→ INSTRUCTIONS TO FOLLOW: Faithfully repeat all of the records, as they are written below.

[Records from a data collection]
[Start of Attachment]

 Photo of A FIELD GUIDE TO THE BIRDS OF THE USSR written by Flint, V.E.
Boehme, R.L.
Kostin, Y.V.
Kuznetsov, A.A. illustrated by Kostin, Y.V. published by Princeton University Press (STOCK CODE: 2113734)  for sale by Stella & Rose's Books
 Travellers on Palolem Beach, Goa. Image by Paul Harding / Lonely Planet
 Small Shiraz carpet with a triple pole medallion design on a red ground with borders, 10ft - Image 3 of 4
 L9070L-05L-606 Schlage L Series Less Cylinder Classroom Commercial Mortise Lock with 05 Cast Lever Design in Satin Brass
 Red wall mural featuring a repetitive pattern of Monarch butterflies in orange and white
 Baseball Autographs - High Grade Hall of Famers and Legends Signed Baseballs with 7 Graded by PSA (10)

[End of Attachment]

→ WRITTEN SOLUTION:
 Photo of A FIELD GUIDE TO THE BIRDS OF THE USSR written by Flint, V.E.
Boehme, R.L.
Kostin, Y.V.
Kuznetsov, A.A. illustrated by Kostin, Y.V. published by Princeton University Press (STOCK CODE: 2113734)  for sale by Stella & Rose's Books
 Travellers on Palolem Beach, Goa. Image by Paul Harding / Lonely Planet
 Small Shiraz carpet with a triple pole medallion design on a red ground with borders, 10ft - Image 3 of 4
 L9070L-05L-606 Schlage L Series Less Cylinder Classroom Commercial Mortise Lock with 05 Cast Lever Design in Satin Brass
 Red wall mural featuring a repetitive pattern of Monarch butterflies in orange and white
 Baseball Autographs - High Grade Hall of Famers and Legends Signed Baseballs with 7 Graded by PSA (10)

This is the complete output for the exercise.